Material provided
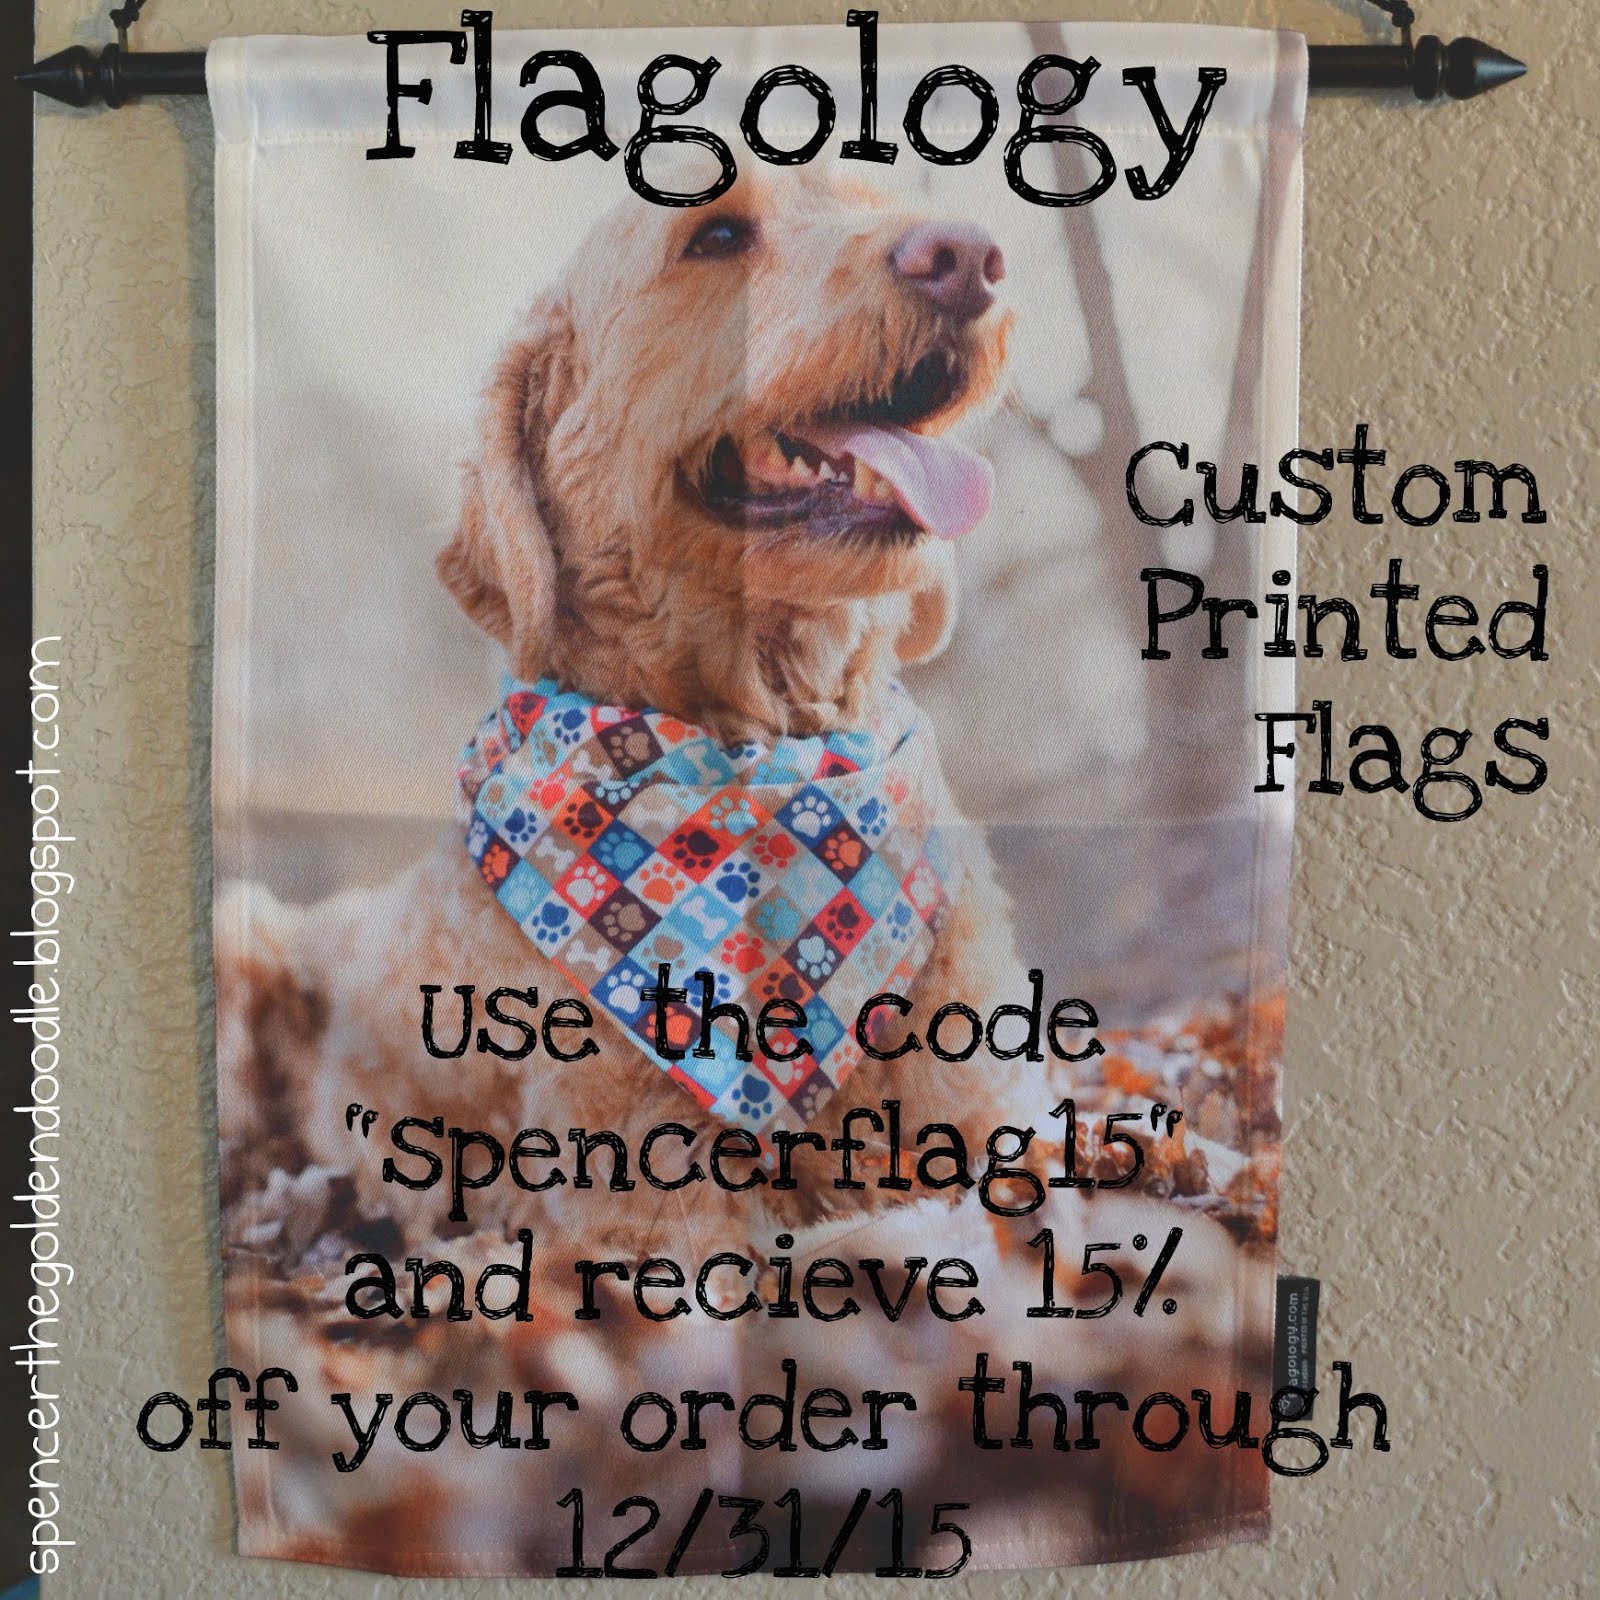 Flagology
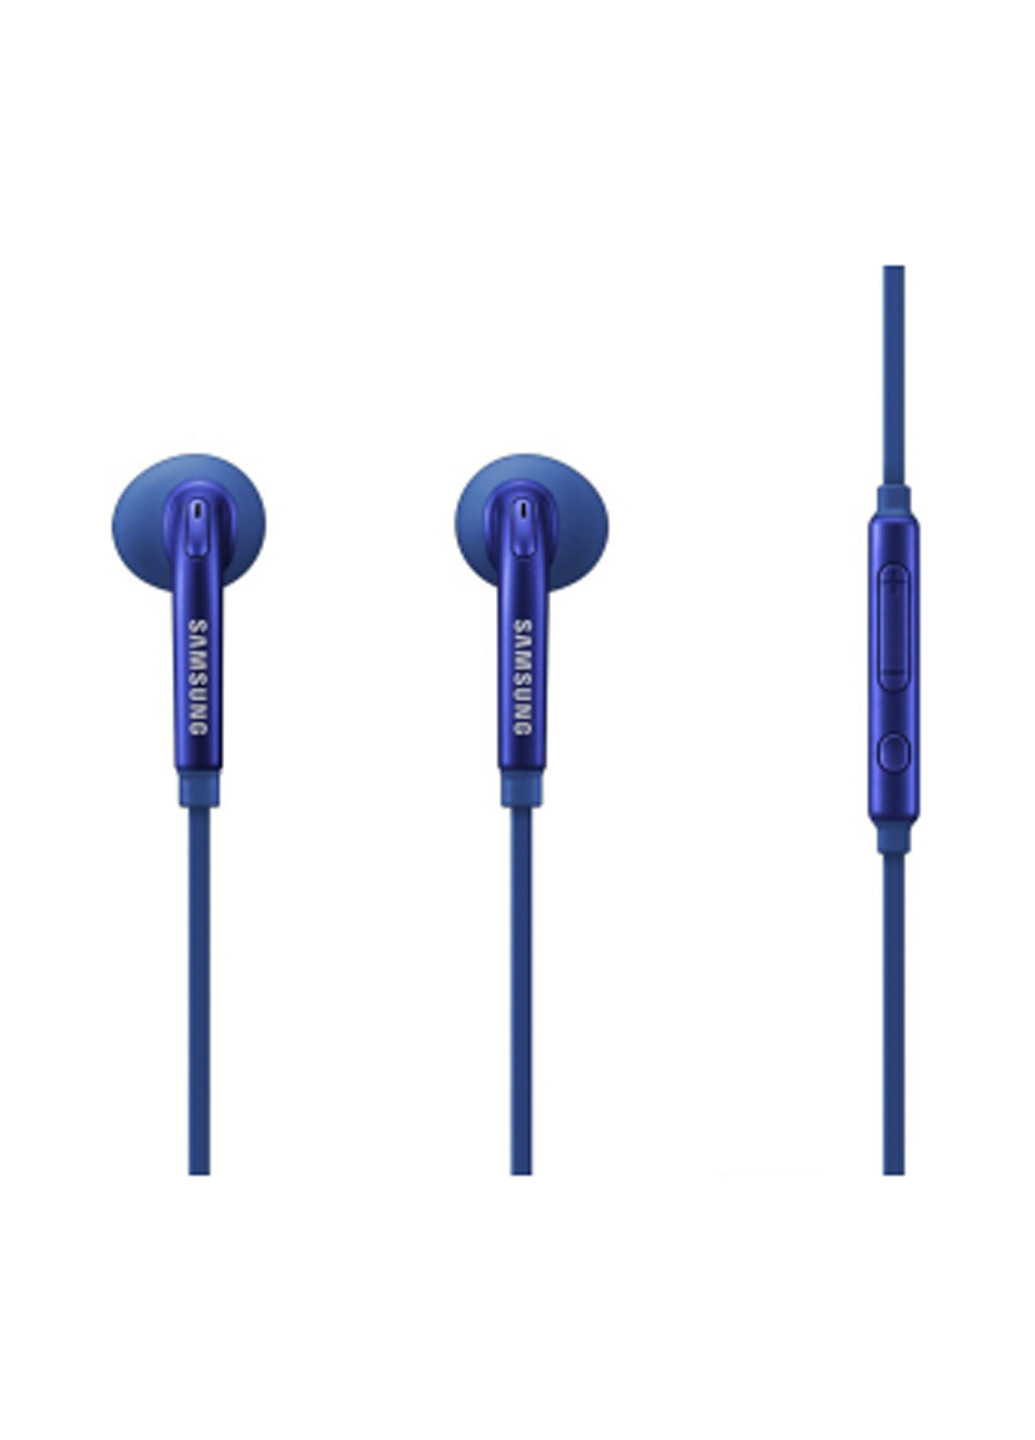 Навушники EO-EG920L Блакитний Samsung eo-eg920l голубой (135029195)
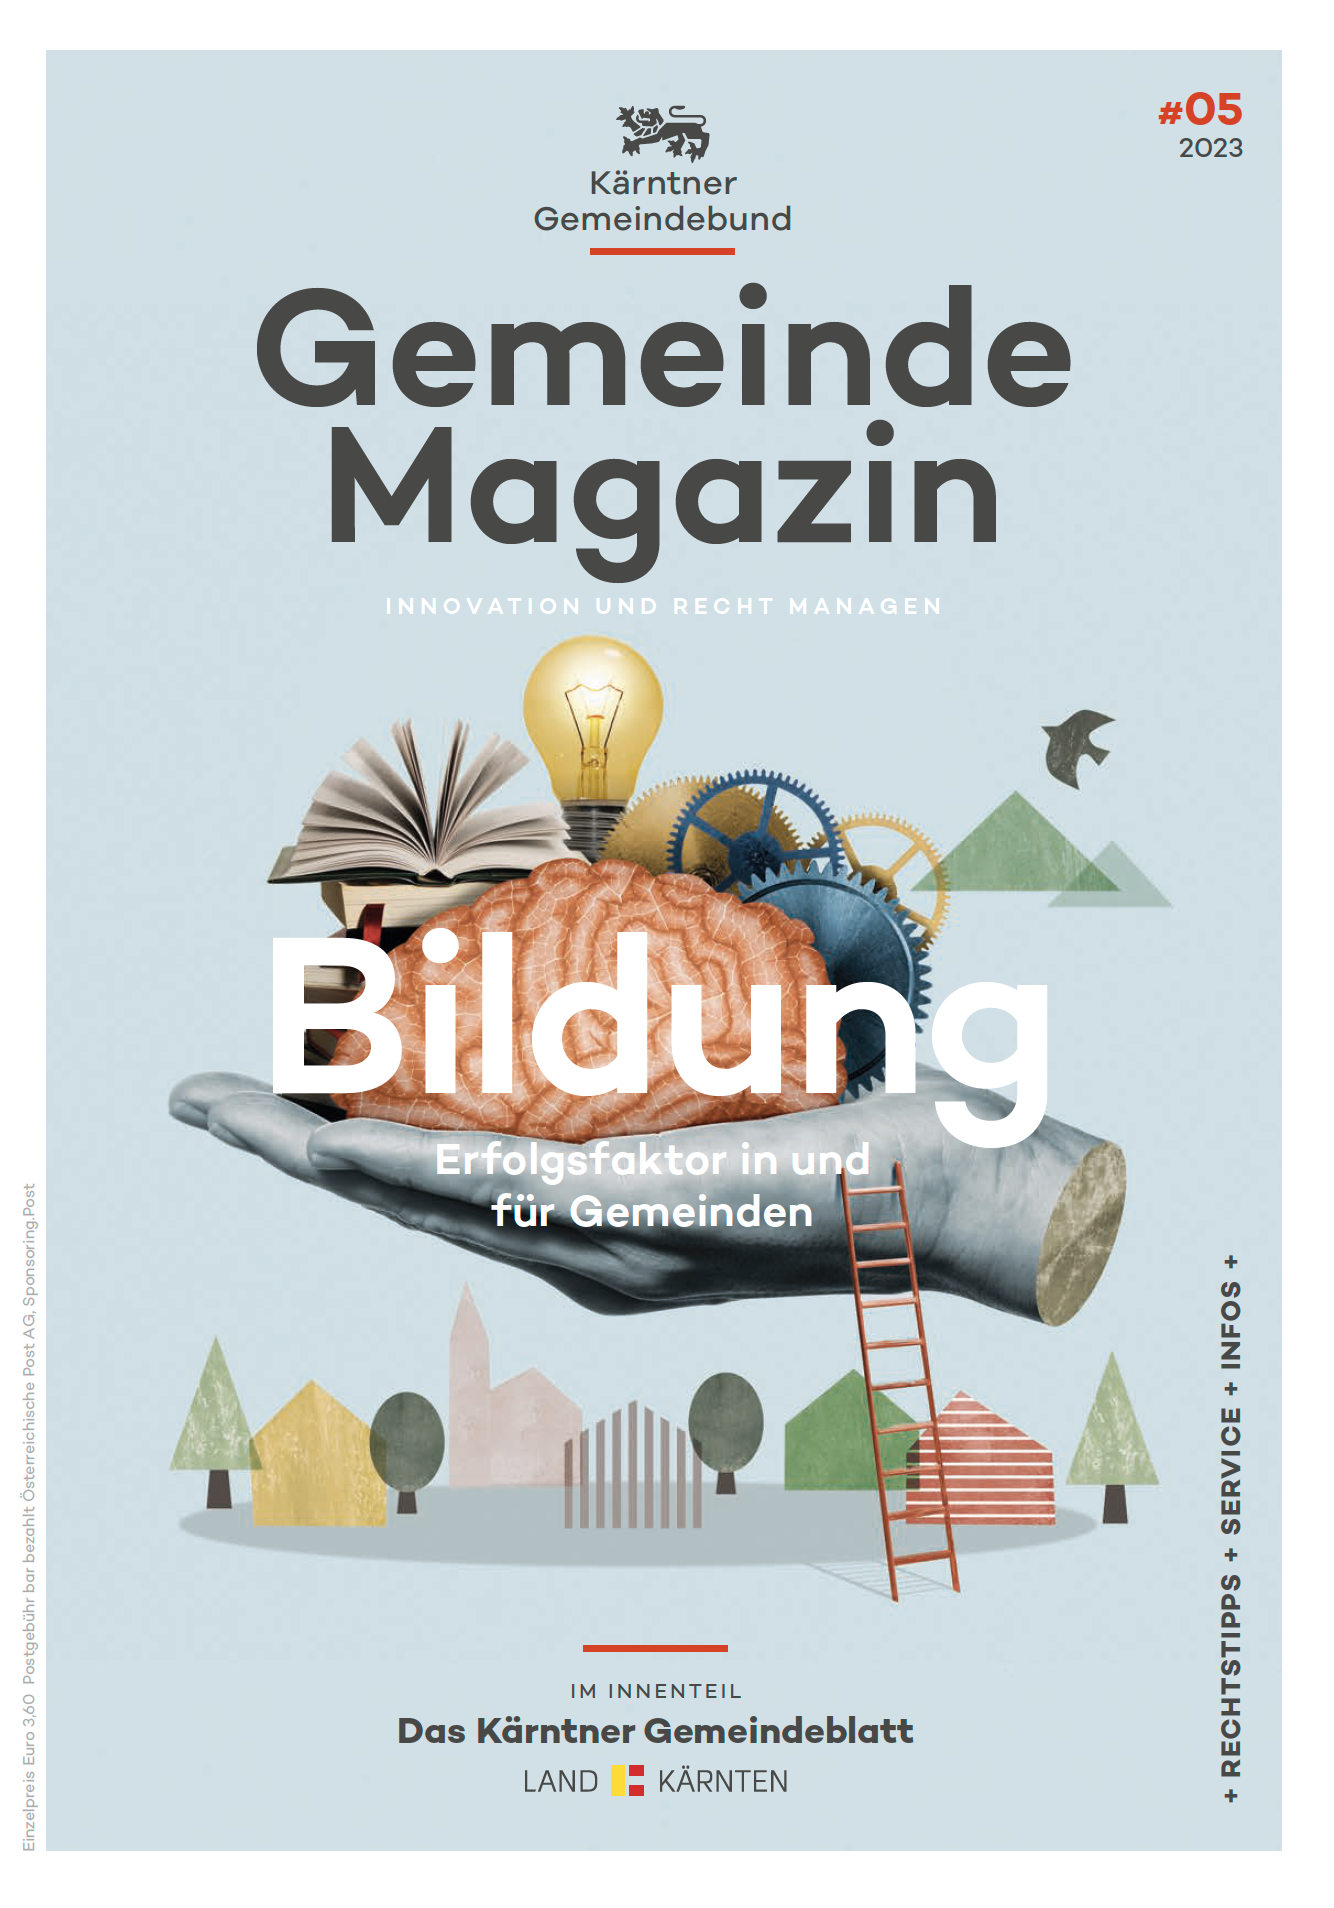 Kärntner Gemeindebund Gemeindemagazin Ausgabe 051 von 2023 zum Thema Bildung

Task to complete
Would you reproduce each line of the material exactly, omitting the images?

Exercise answer
 Flagology
 Навушники EO-EG920L Блакитний Samsung eo-eg920l голубой (135029195)
 Kärntner Gemeindebund Gemeindemagazin Ausgabe 051 von 2023 zum Thema Bildung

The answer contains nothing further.